The aspects of the Privacy Rule the task force recommends law firms should focus on include:
  • Reviewing all business associate agreements to understand and comply with access control restrictions

  • Limiting permissible disclosure to the minimum necessary

  • Limiting uses and disclosures of PHI as required by a business associate agreement, or as permitted or required under HIPAA

  • Providing access to a covered entity, to an individual who is the subject of the PHI, or to HHS during an investigation

  • Ensuring PHI is never sold

  • Establishing business associate agreements with relevant clients, subcontractors, hosted service providers, expert witnesses and etcetera

  • Maintaining compliance records and submitting reports to HHS when required to evaluate compliance

  • Providing a breach notification to a covered entity within 60 days of a breach

  • Developing a program to communicate privacy requirements to affected lawyers and staff
A vast majority of law firms are liable for compliance because they can be classified as HIPAA business associates with respect to clients that qualify as covered entities, or with respect to third-party organizations that process HIPAA-protected information on behalf of a covered entity. The new situation is significantly different from the earlier one where law firms were classified and held liable as business associates only if they had a contract with a covered entity specifically defining and classifying them as business associates under HIPAA/HITECH.

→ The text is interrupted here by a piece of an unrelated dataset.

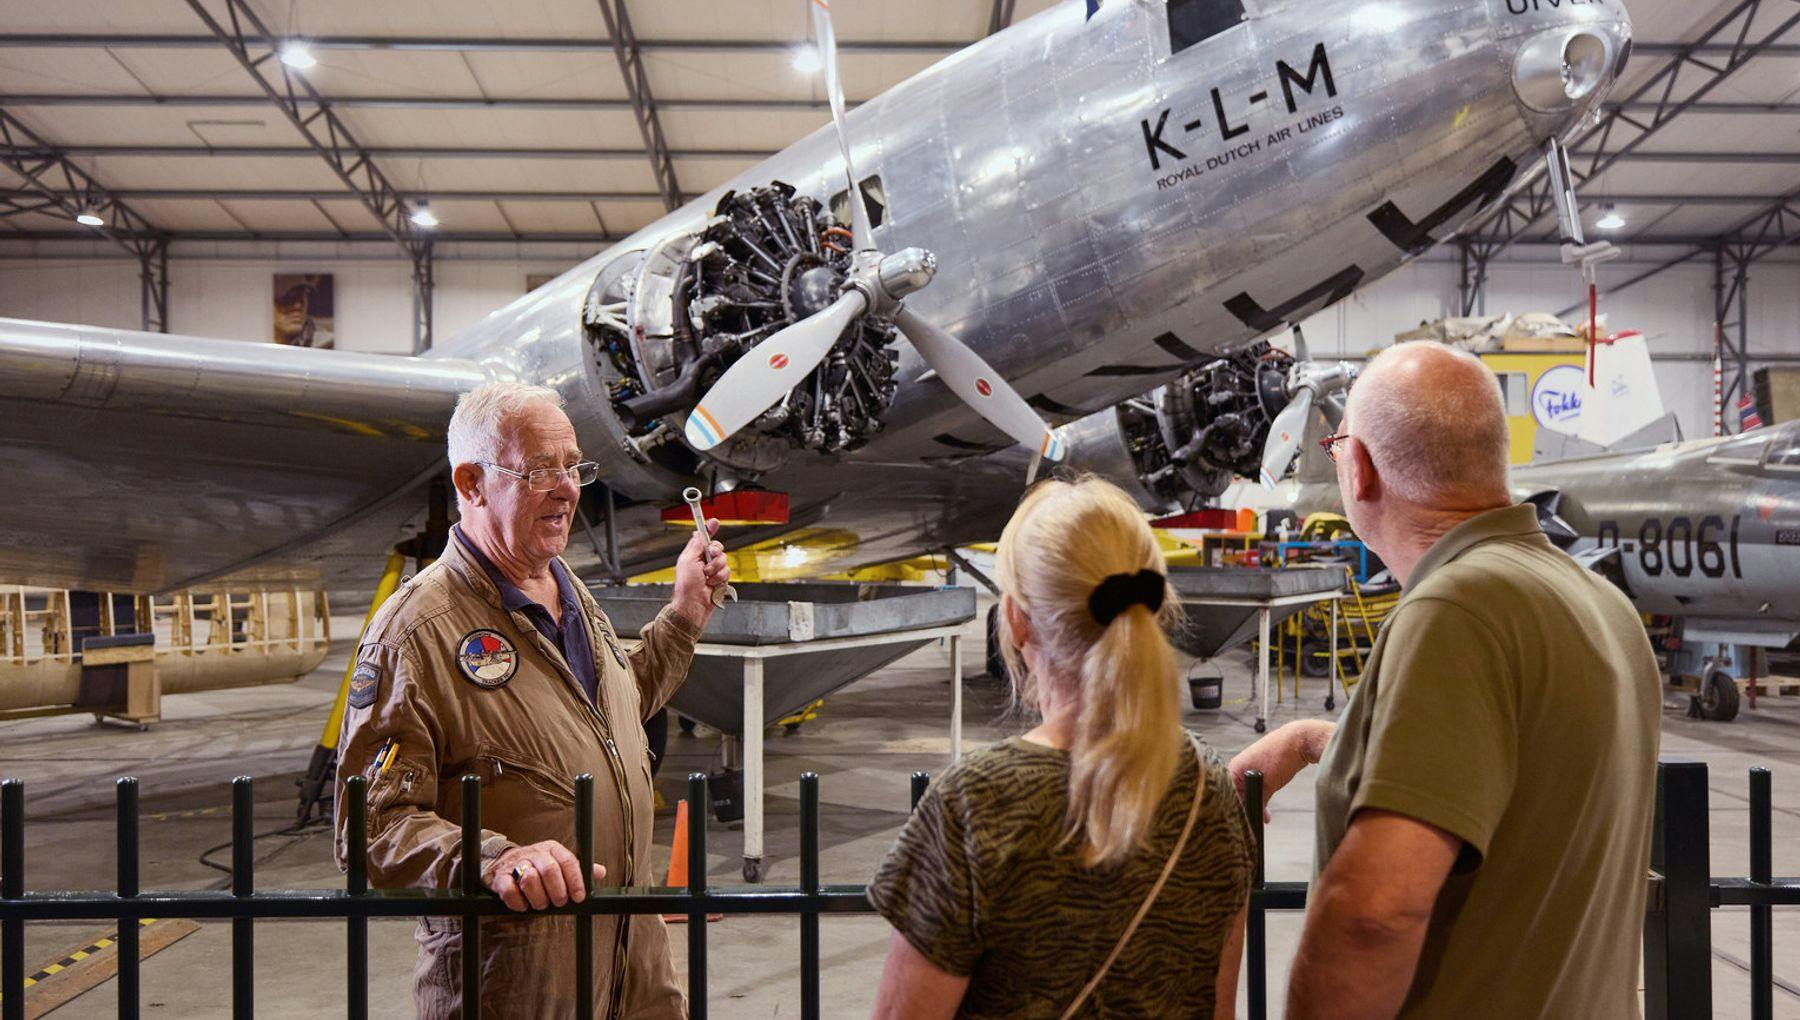 Adults looking at an exhibit at Aviodrome Museum in Lelystad

The liabilities and penalties are also quite strict and steep. The report observes, "Law firms should be aware there is no single official method for tallying monetary penalties, and total penalties will exceed those incurred prior to the HITECH Act, when firms were only liable for breach of contract. While a possible penalty of $1.5 million dollars per provision may seem like a steep fine, the greatest risk of a compliance breach poses to a firm is a tarnished reputation that could compromise future business opportunities with clients."